A home business or home-based business (HBB) is a small business that operates from the business owner's home office. In addition to location, home businesses are usually defined by having a very small number of employees, usually all immediate family of the business owner, in which case it is also a family business. Home businesses generally lack shop frontage, customer parking and street advertising signs. Such businesses are sometimes prohibited by residential zoning regulations.

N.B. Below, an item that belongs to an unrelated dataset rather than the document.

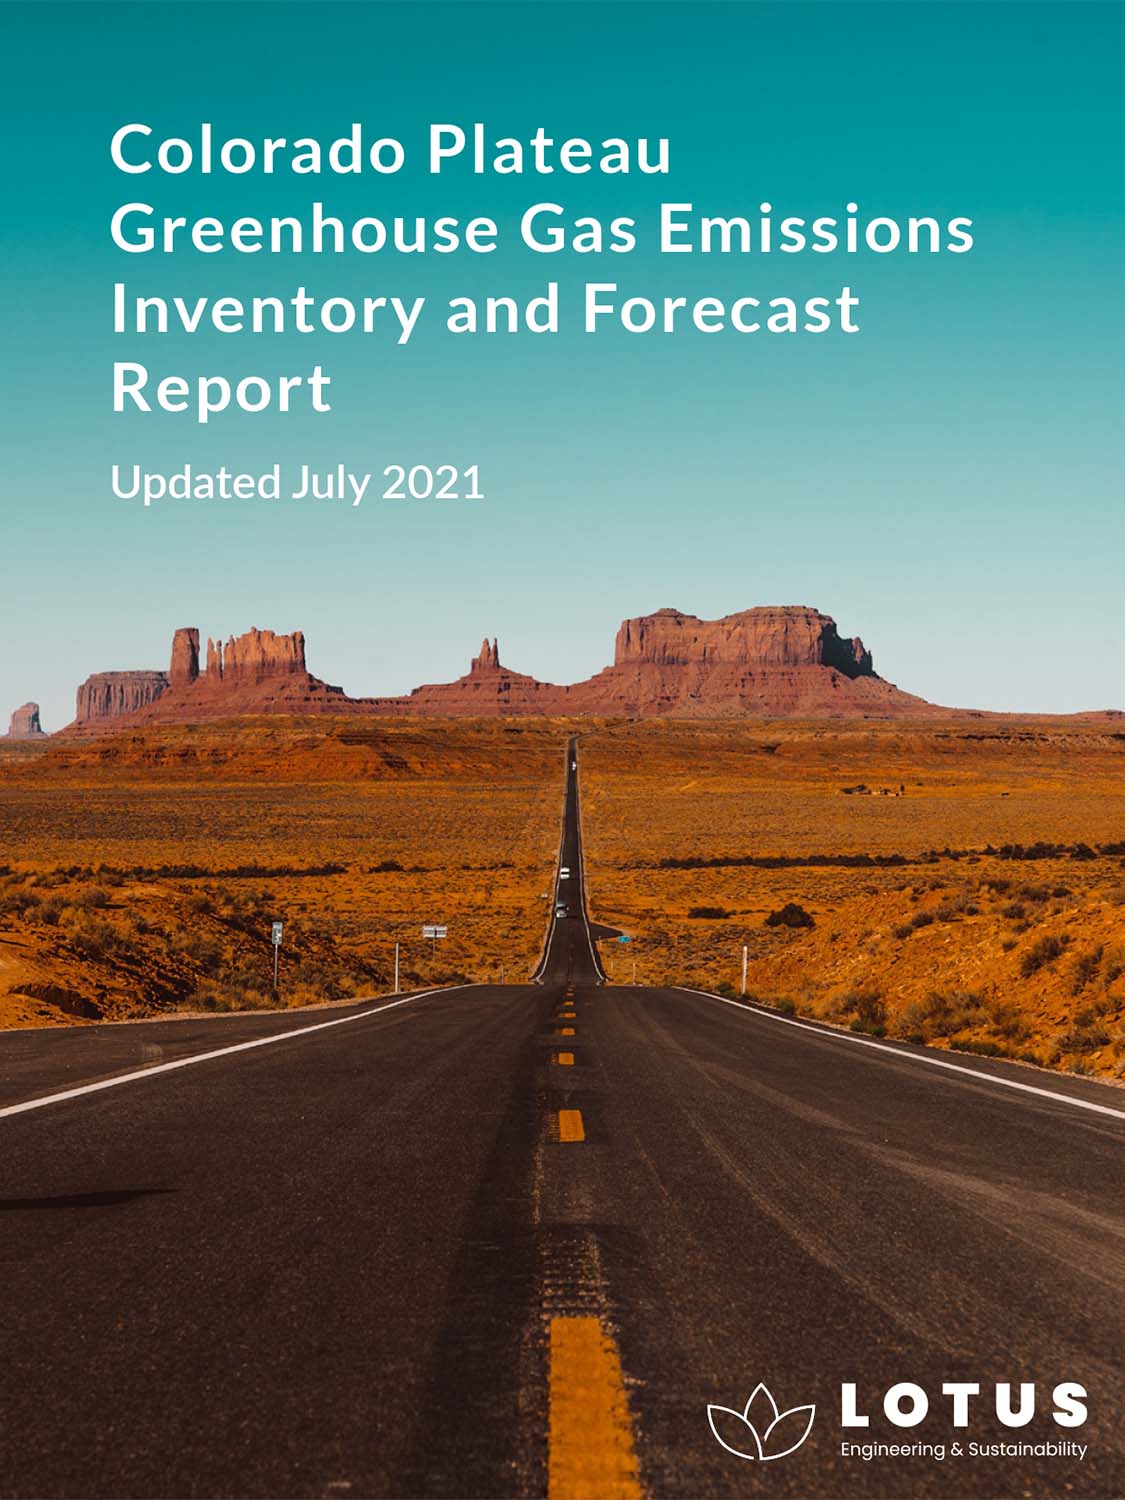 Greenhouse Gas Emissions Inventory Report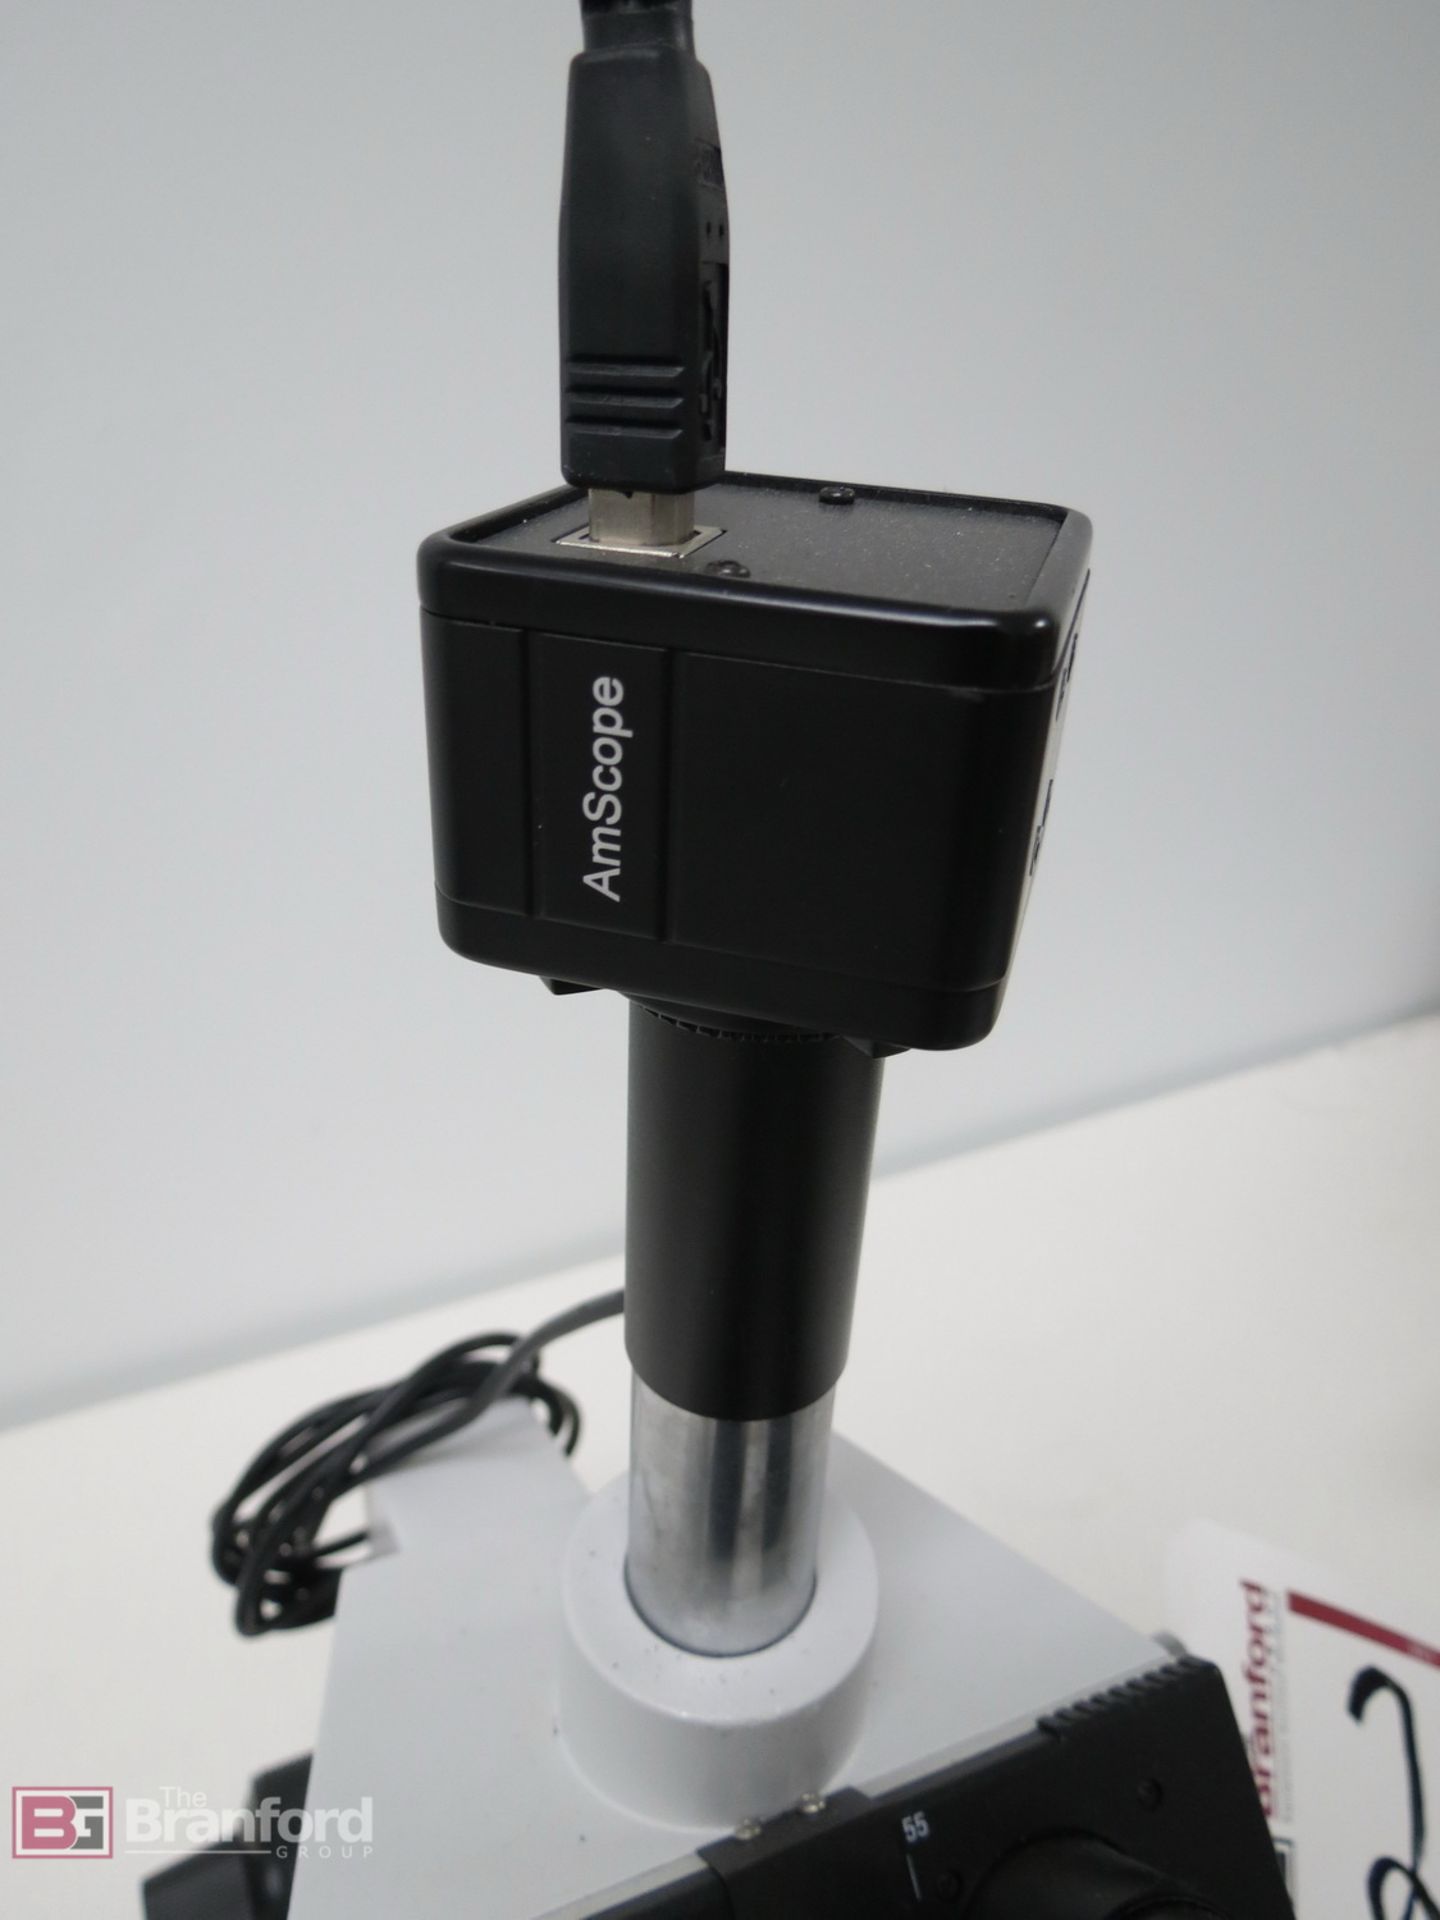 AmScope Stereo Zoom Microscope - Image 3 of 7

Remote work has increased. Home offices compete with small commercial businesses and are cheaper to operate. It may also be possible to tax deduct some home expenses while running a home based business. High speed internet connections and smartphones help to make a home-based business a reality. Earlier home businesses had been where families lived on the second floor of their house while converting the first floor into a store, where upon close of business they would secure the first floor and retire to the upper floors. This type of home business is still done in some rural areas. Many home businesses are started off in a much smaller capacity whilst the owner is still employed elsewhere, and then expanded once they are proven to be profitable.

== Home-based business ==
The concept of home-based business, as opposed to the previous terminology of "cottage industry", first appeared in 1978. The phrase was coined by Marion Behr, the originator of a study to find out what businesses women throughout America were carrying on in their homes. The preview edition of Enterprising Women wrote about the search to gather information pertaining to home workers throughout the nation. Numerous magazines and organizations helped to disseminate information regarding the study. Ultimately 40,000 letters were received, many indicating the problems the respondents experienced while carrying on businesses from their homes.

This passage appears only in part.